Faith suggests Pix call Sophie’s mother, Babs, to shut down the mother-in-law. Babs is best described as a force of nature and takes charge of the mother-in-law problem. The two women enroll in a memoir-writing course at a local conference center.

Sophie enrolls in the creative writing course to have something to do besides worrying about not being pregnant and thinking about the dead body she and Faith found.

Meanwhile the Cranes press charges against Pix and Sam for destroying property, namely his chain saw. The situation escalates when the Cranes’ shed burns down. Again Cameron Crane blames Pix and Sam.

More complications occur when the chef at the conference center has an apparent heart attack, leaving Amy, Faith’s daughter, in charge of the kitchen. Reluctantly Faith agrees to help, negotiating a high salary for herself and a raise for Amy.

Intermittent chapters chronicle a young mother addicted to opioids, obviously a friend to Faith, Pix, and Samantha—all of whom are unaware of her problem.

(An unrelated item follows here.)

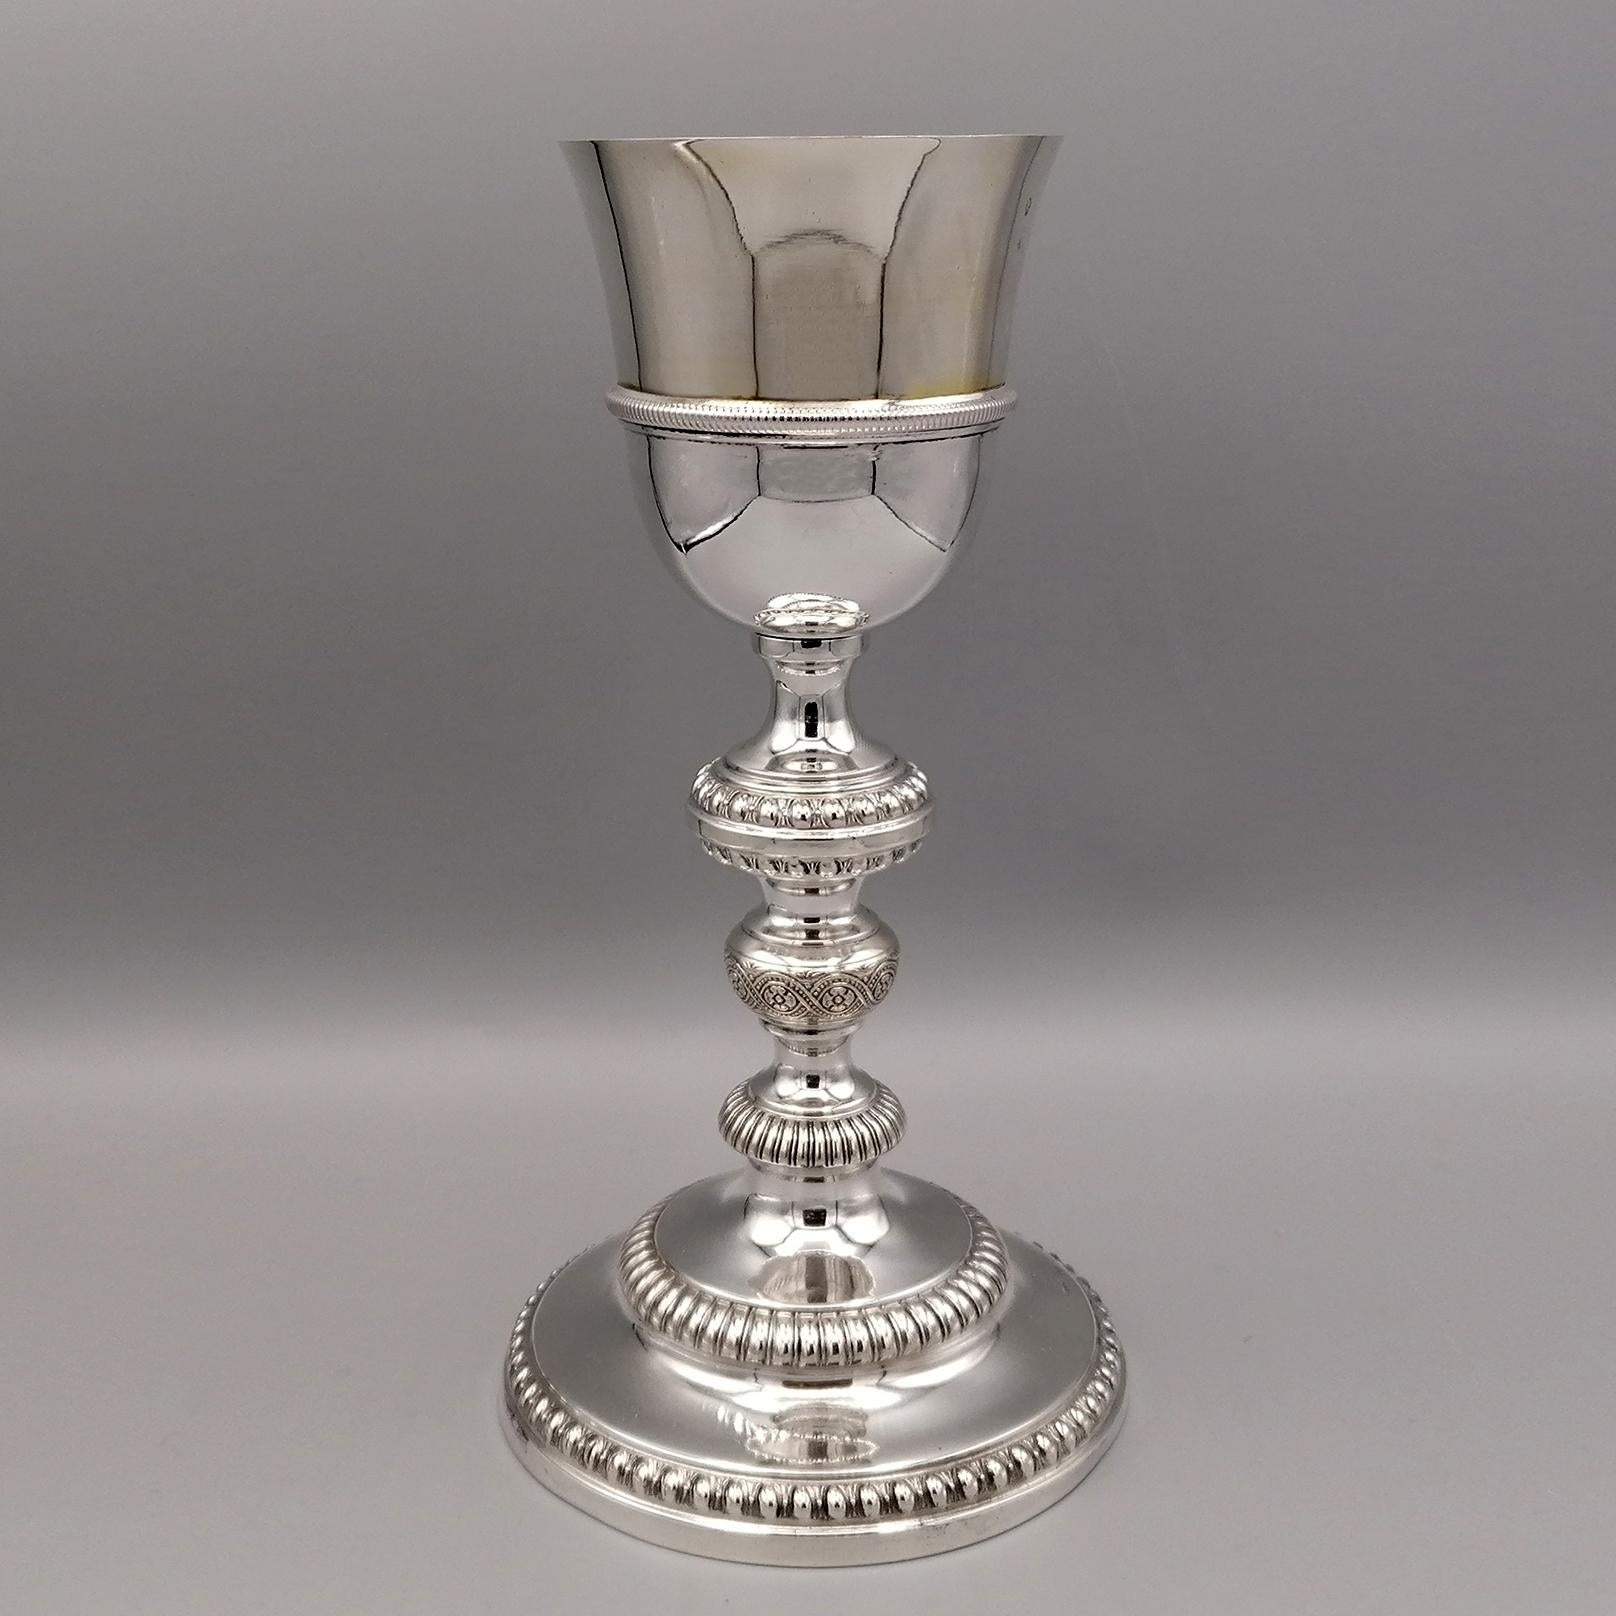 Liturgical chalice in Italian silver from the 19th century.
The chalice, very balanced in its shapes, has edges with ovules both on the base and in the stem. Also present, always on the stem, is a classic design with small flowers surrounded by a

Katherine Hall Page juggles all the various plot elements in this traditional mystery like the skilled writer she is: the wedding, the problem with the Cranes, the mother-in-law from hell, and the matter of the murder.

Page’s humor is delightful, and her descriptions of life on the island bring both the landscape and the characters to life.

To one who is not familiar with the Faith Fairchild series may find to keep track of all the many characters. Sometimes the book seems to have a cast of thousands, but each is likeable, so the effort to sort them all out is worth it.

Altogether The Body in the Wake is easy reading, and the recipes in the back of the book are an added bonus for those who like to cook or just like reading about food. Recommended for the fans of traditional mysteries.